The weakness in the second quarter was led by business investment, which tumbled at a rate of 9.7 per cent, the third straight decline, as companies cut back on spending on structures, such as oil wells, and equipment.

Gloomy investment figures

Economists have pinned the gloomy investment figures partly on the sustained period of low oil prices, which spurred energy groups to dramatically pare down their capital spending plans and curtail drilling activity.

The pain in the energy sector ricocheted elsewhere, particularly to American factories, as drillers have slashed orders for manufactured products. That has put additional pressure on a sector that was already grappling with a strong dollar and sluggish growth abroad.

Still, executives at several US energy groups have noted in recent weeks that the downturn appears to have reached a trough. Echoing that message, economists at Goldman Sachs said on Wednesday that “we now seem to be finding a bottom” in the drag the energy sector is generating on capital spending.

The weakness in investment was offset by consumption growth, which picked up to a 4.2 per cent pace in the second quarter, from 1.6 per cent in the first three months of 2016.

Jobs growth

Even though job growth was patchy in the three-month period - with May’s reading coming in at the slowest pace since 2010 - modest wage growth and low gasoline prices have been a boon to consumers.

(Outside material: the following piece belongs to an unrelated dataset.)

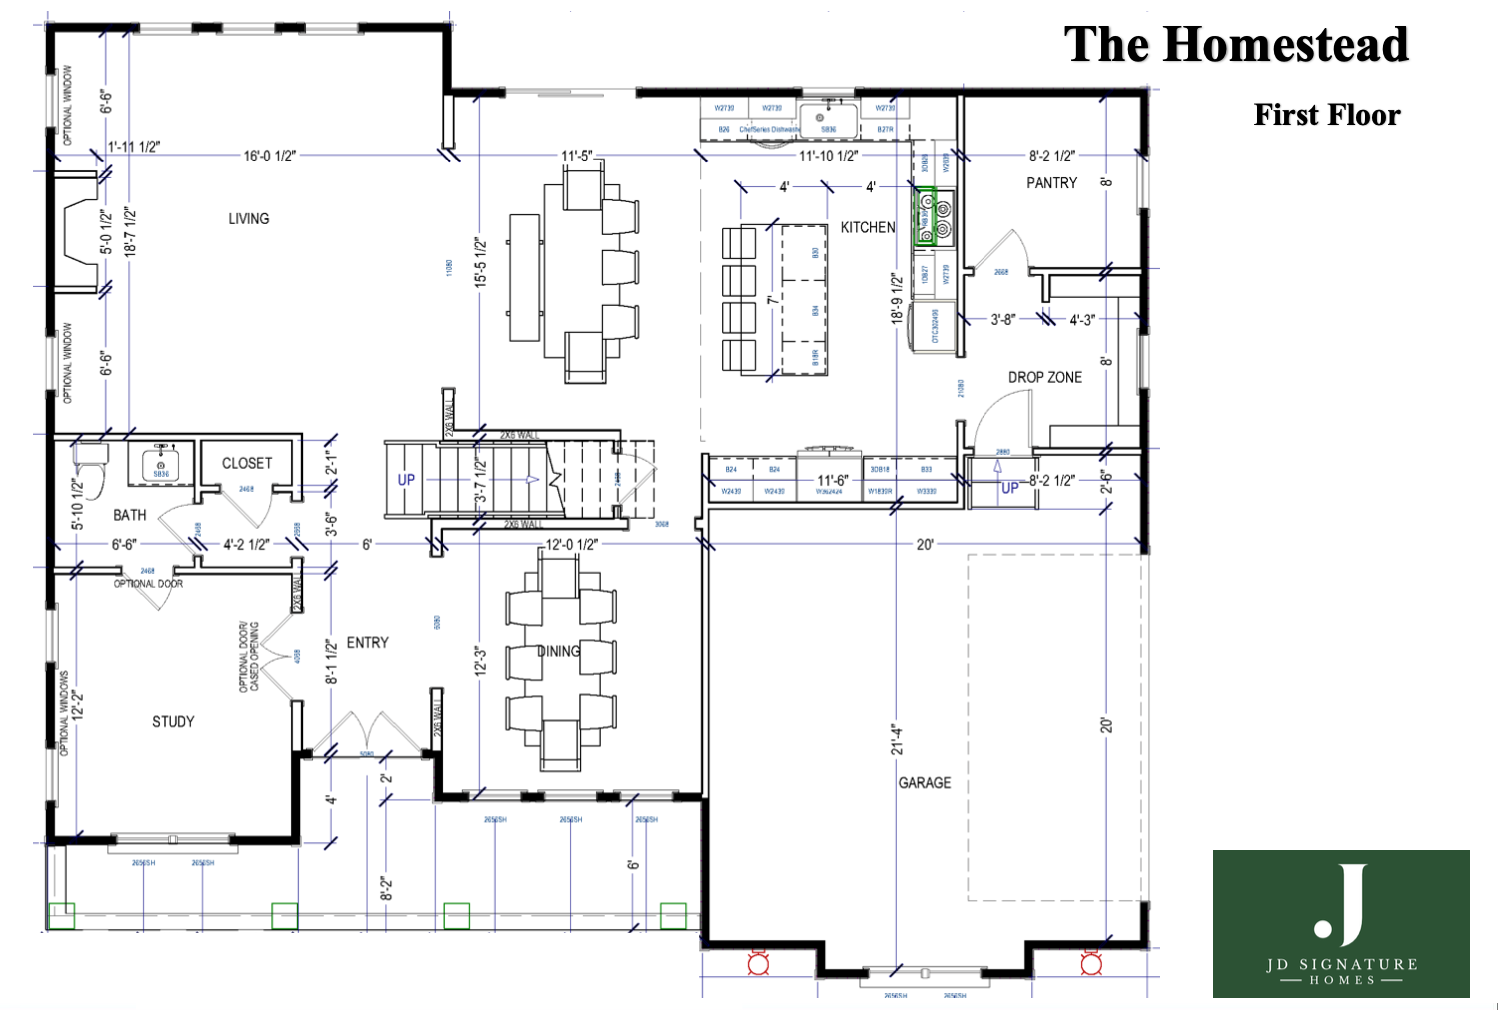 The Homestead-Farmhouse floor plan image

US exports were another bright spot, rising at a rate of 1.4 per cent in the second quarter after three straight quarters of declines. The figure may have been helped by a fall in the greenback against the currencies of America’s trading partners that began in the first quarter and stretched until early May.

The GDP numbers have faced questions over the accuracy of statisticians’ efforts to correct for seasonal effects such as weather and major holidays.

The BEA said in a separate analysis that there was indeed “residual seasonality” in real GDP numbers when examined over the most recent 10-year period and also over a 30-year timespan. It has been engaged in a programme of improvements to seasonal adjustments to reduce these effects.

Updates to previously reported GDP figures from 2013 to 2015 unveiled on Friday showed upward revisions to the average first-quarter growth rate over that period, as well as to the third quarter, while the average second-quarter growth was somewhat weaker than previously reported.

The figures came as part of a swath of updates to previously published numbers. Looking at the whole of 2015, the US economy grew 2.6 per cent compared with the previous year - higher than the 2.4 per cent as previously estimated. Growth in 2014 was unchanged at 2.4 per cent, while in 2013 GDP grew 1.7 per cent, a little higher than the last estimate.